Segera kerabat Profesor dihubungi. Mereka datang ke kampus dan memutuskan membawa jenazah profesor ke kampung halaman mereka, bukan kembali ke rumah Profesor di Shibuya.
Menjelang malam udara semakin dingin di stasiun Shibuya. Tapi Hachiko tetap bergeming dengan menahan udara dingin dengan perasaan gelisah. Seharusnya Profesor Ueno sudah kembali, pikirnya. Sambil mondar-mandir di sekitar balkon Hachiko mencoba mengusir kegelisahannya. Beberapa orang yang ada di stasiun merasa iba dengan kesetiaan anjing itu. Ada yang mendekat dan mencoba menghiburnya, namun tetap saja tidak bisa menghilangkan kegelisahannya.
Malam pun datang. Stasiun semakin sepi. Hachiko masih menunggu di situ. Untuk menghangatkan badannya dia meringkuk di pojokan salah satu ruang tunggu. Sambil sesekali melompat menuju balkon setiap kali ada kereta datang, mengharap tuannya ada di antara para penumpang yang datang. Tapi selalu saja ia harus kecewa, karena Profesor Ueno tidak pernah datang. Bahkan hingga esoknya, dua hari kemu dian , dan berhari-hari berikutnya dia tidak pernah datang. Namun Hachiko tetap menunggu dan menunggu di stasiun itu, mengharap tuannya kembali. Tubuhnya pun mulai menjadi kurus.
Para pegawai stasiun yang kasihan melihat Hachiko dan penasaran kenapa Profesor Ueno tidak pernah kembali mencoba mencari tahu apa yang terjadi. Akhirnya didapat kabar bahwa Profesor Ueno telah meninggal dunia, bahkan telah dimakamkan oleh kerabatnya.
Mereka pun berusaha memberi tahu Hachiko bahwa tuannya tak akan pernah kembali lagi dan membujuk agar dia tidak perlu menunggu terus. Tetapi anjing itu seakan tidak percaya, atau tidak peduli. Dia tetap menunggu dan menunggu tuannya di stasiun itu, seakan dia yakin bahwa tuannya pasti akan kembali. Semakin hari tubuhnya semakin kurus kering karena jarang makan.

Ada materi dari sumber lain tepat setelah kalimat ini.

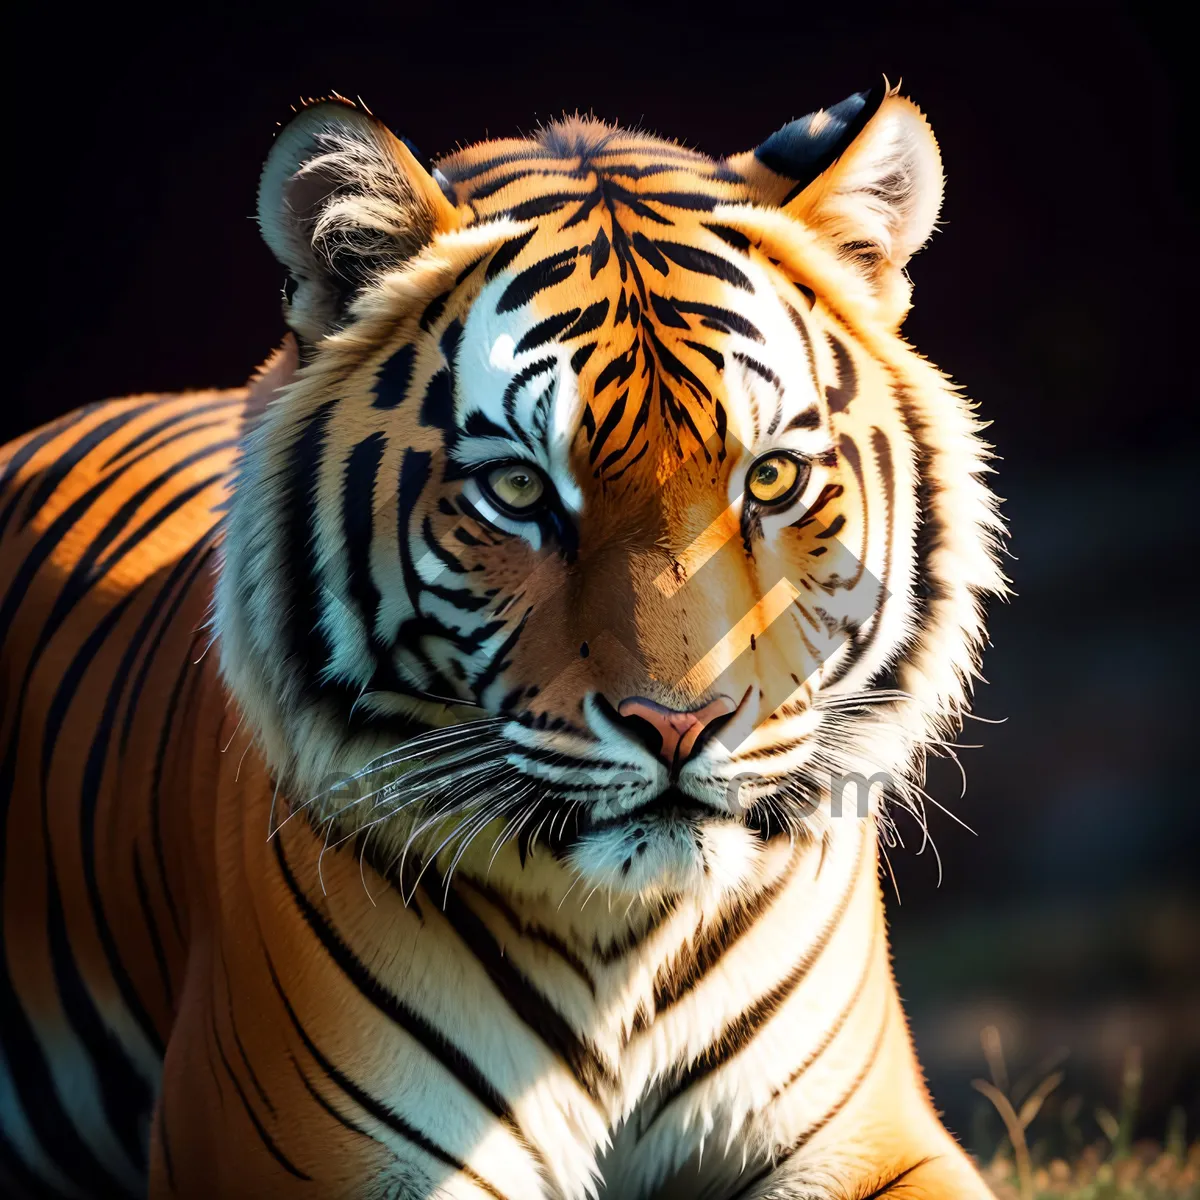 Picture of Striped Feline Predator: Majestic Tiger on Safari

Akhirnya tersebarlah berita tentang seekor anjing yang setia terus menunggu tuannya walaupun tuannya sudah meninggal. Warga pun banyak yang datang ingin melihatnya. Banyak yang terharu. Bahkan sebagian sempat menitikkan air matanya ketika melihat dengan mata kepala sendiri seekor anjing yang sedang meringkuk di dekat pintu masuk menunggu tuannya yang sebenarnya tidak pernah akan kembali. Mereka yang simpati itu ada yang memberi makanan, susu, bahkan selimut agar tidak kedinginan.

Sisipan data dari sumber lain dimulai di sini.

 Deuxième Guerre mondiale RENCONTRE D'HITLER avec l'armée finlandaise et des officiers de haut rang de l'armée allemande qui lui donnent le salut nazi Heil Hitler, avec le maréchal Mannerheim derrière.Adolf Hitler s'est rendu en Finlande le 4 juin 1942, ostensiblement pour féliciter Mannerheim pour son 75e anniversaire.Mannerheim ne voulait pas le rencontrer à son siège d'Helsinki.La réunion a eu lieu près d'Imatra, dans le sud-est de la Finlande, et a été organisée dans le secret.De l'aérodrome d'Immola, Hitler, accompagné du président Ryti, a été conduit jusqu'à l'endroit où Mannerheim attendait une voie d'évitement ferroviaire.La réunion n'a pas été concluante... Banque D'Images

Selama 9 tahun lebih, dia muncul di station setiap harinya pada pukul 3 sore, saat dimana dia biasa menunggu kepulangan tuannya. Namun hari-hari itu adalah saat dirinya tersiksa karena tuannya tidak kunjung tiba. Dan di suatu pagi, seorang petugas kebersihan stasiun tergopoh-gopoh melapor kepada pegawai keamanan. Sejenak kemu dian suasana menjadi ramai. Pegawai itu menemukan tubuh seekor anjing yang sudah kaku meringkuk di pojokan ruang tunggu. Anjing itu sudah menjadi mayat. Hachiko sudah mati. Kesetiaannya kepada sang tuannya pun terbawa sampai mati.
Warga yang mendengar kematian Hachiko segera berduyun-duyun ke stasiun Shibuya. Mereka umumnya sudah tahu cerita tentang kesetiaan anjing itu. Mereka ingin menghormati untuk yang terakhir kalinya. Menghormati sebuah arti kesetiaan yang kadang justru langka terjadi pada manusia.

Mereka begitu terkesan dan terharu. Untuk mengenang kesetiaan anjing itu mereka kemu dian membuat sebuah patung di dekat stasiun Shibuya. Sampai sekarang taman di sekitar patung itu sering dijadikan tempat untuk membuat janji bertemu. Karena masyarakat di sana berharap ada kesetiaan seperti yang sudah dicontohkan oleh Hachiku saat mereka harus menunggu maupun janji untuk datang. Akhirnya patung Hachiku pun dijadikan symbol kesetiaan. Kesetiaan yang tulus, yang terbawa sampai mati.